*** Begin section ***

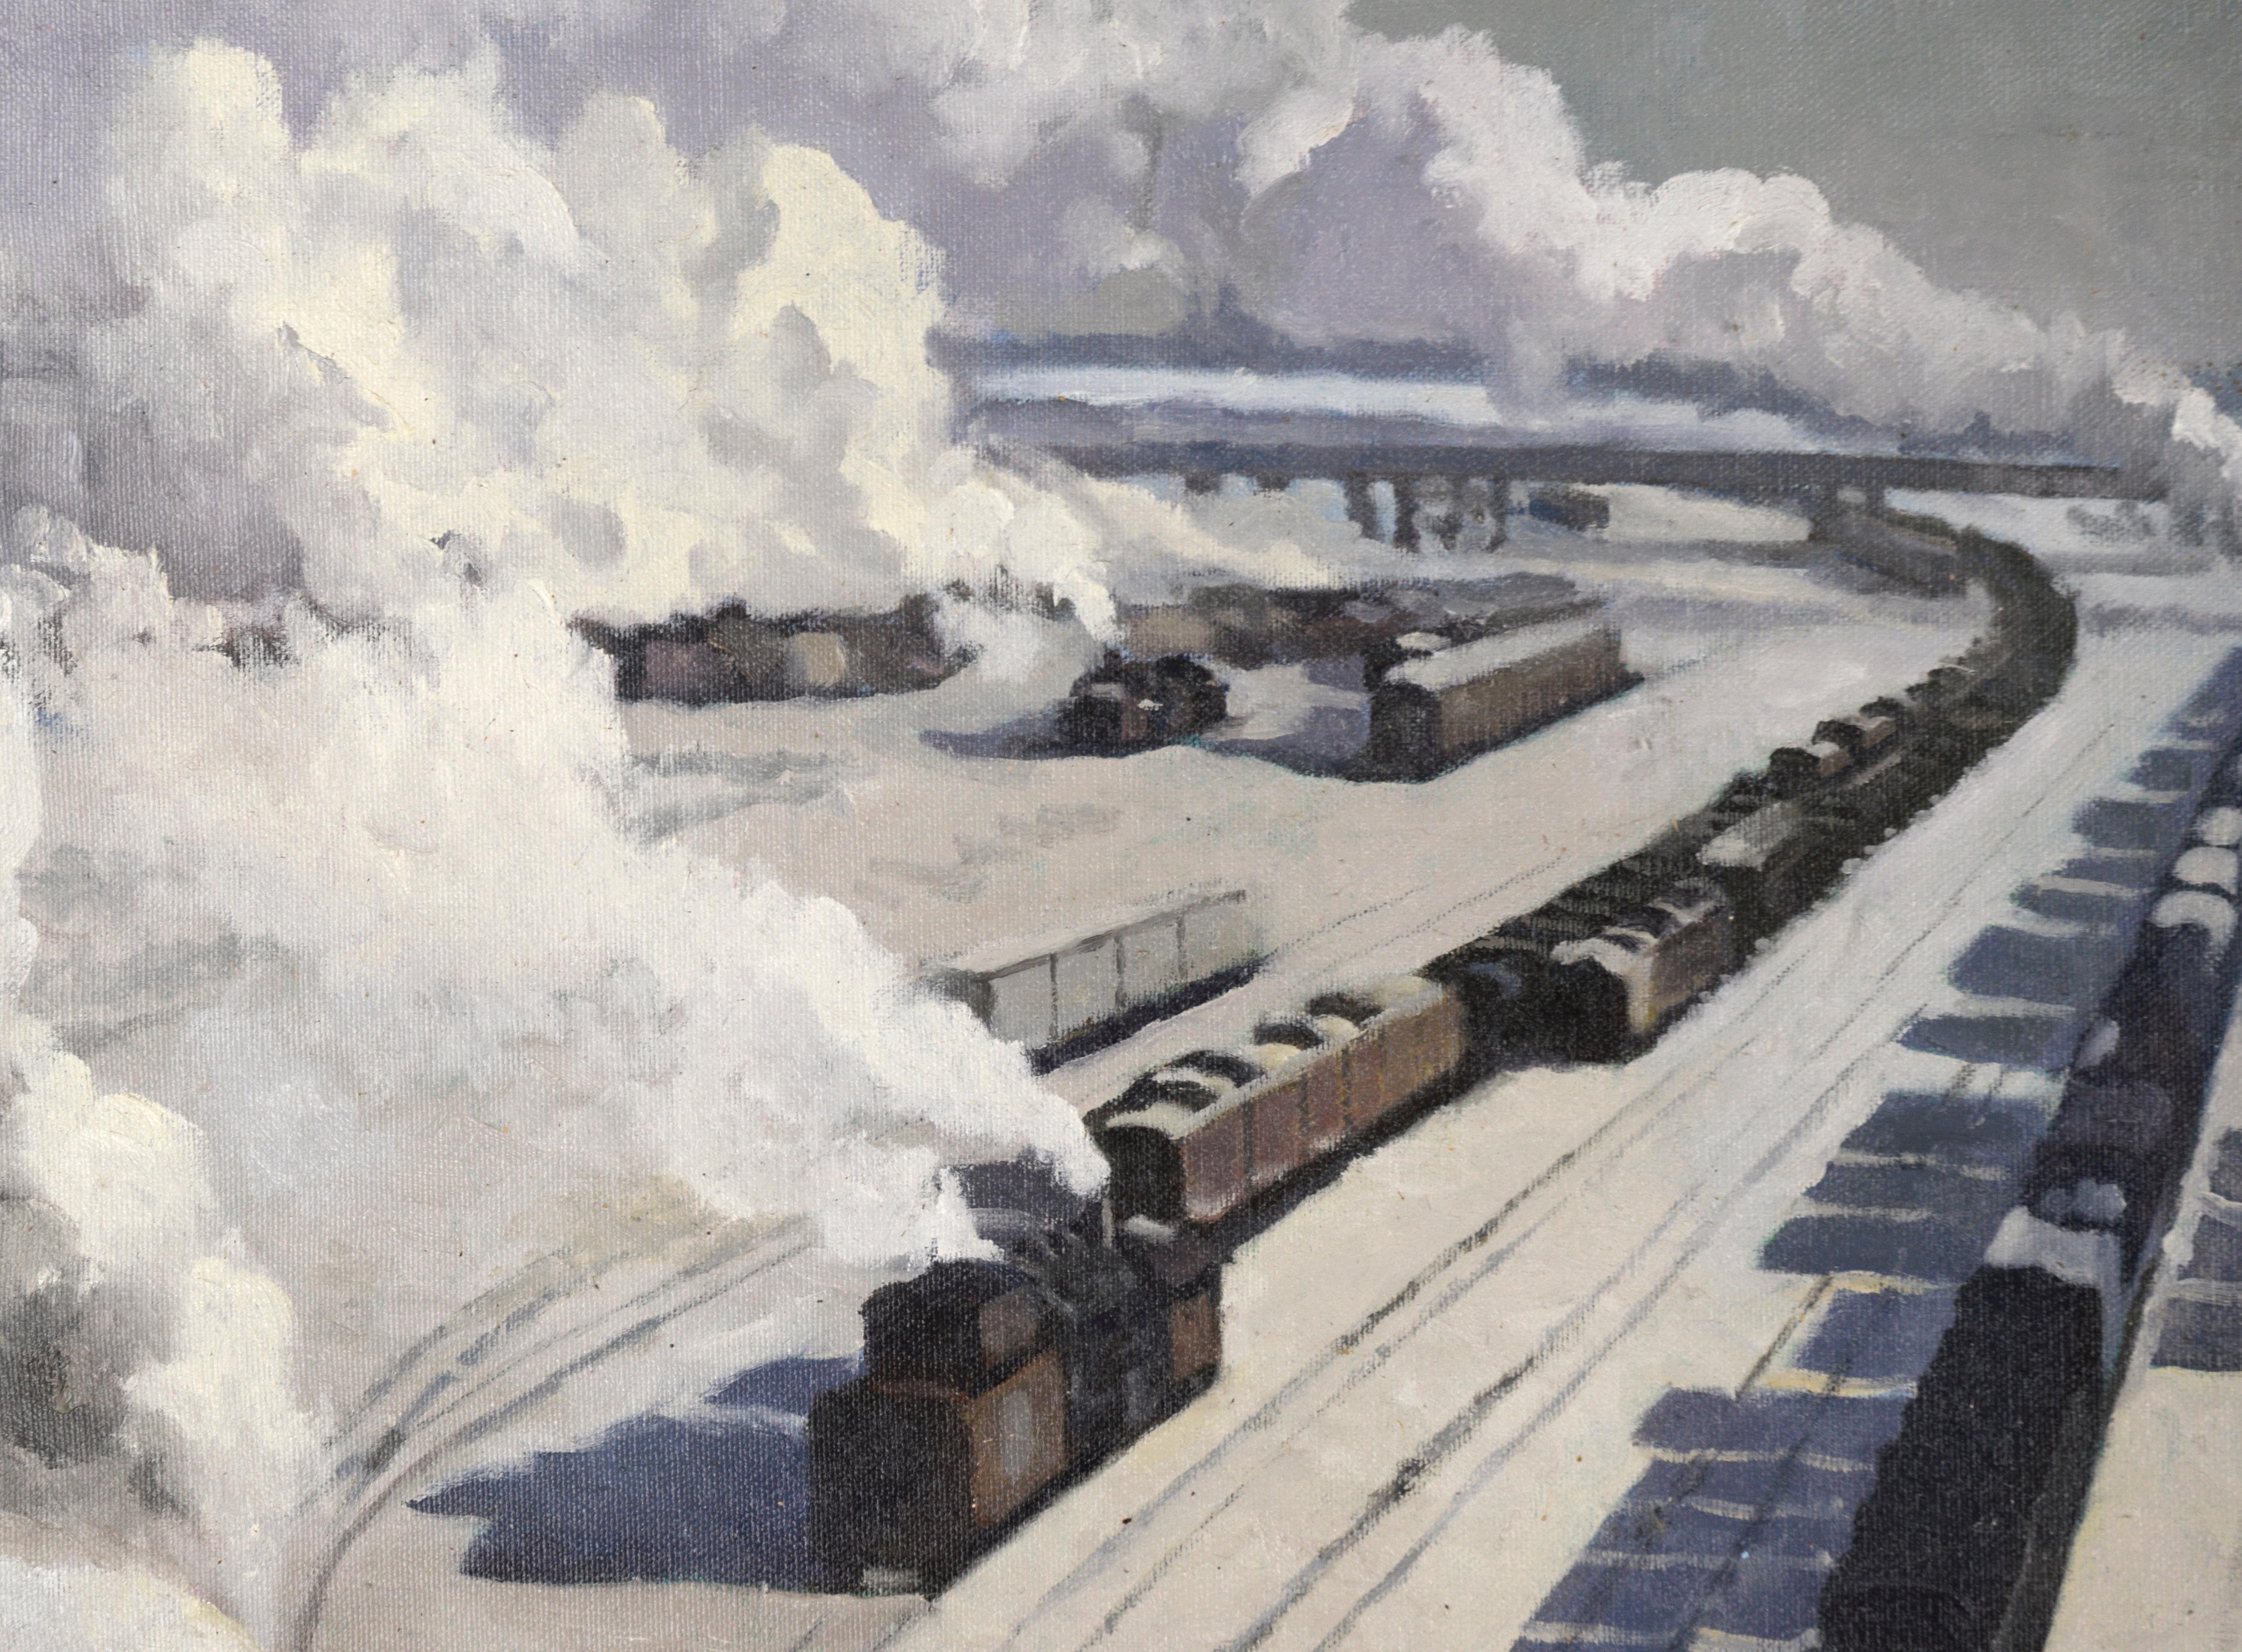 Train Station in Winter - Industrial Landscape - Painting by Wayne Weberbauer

*** End section ***
*** Begin section ***

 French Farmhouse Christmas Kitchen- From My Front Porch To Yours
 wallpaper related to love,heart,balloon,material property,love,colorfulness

*** End section ***

* DIRECTIONS FOR THIS TASK
The lines to extract from the data above begin with the line containing "French Farmhouse Christmas" and end with the line containing "wallpaper related to". Extract them exactly, including both.

* ANSWER
 French Farmhouse Christmas Kitchen- From My Front Porch To Yours
 wallpaper related to love,heart,balloon,material property,love,colorfulness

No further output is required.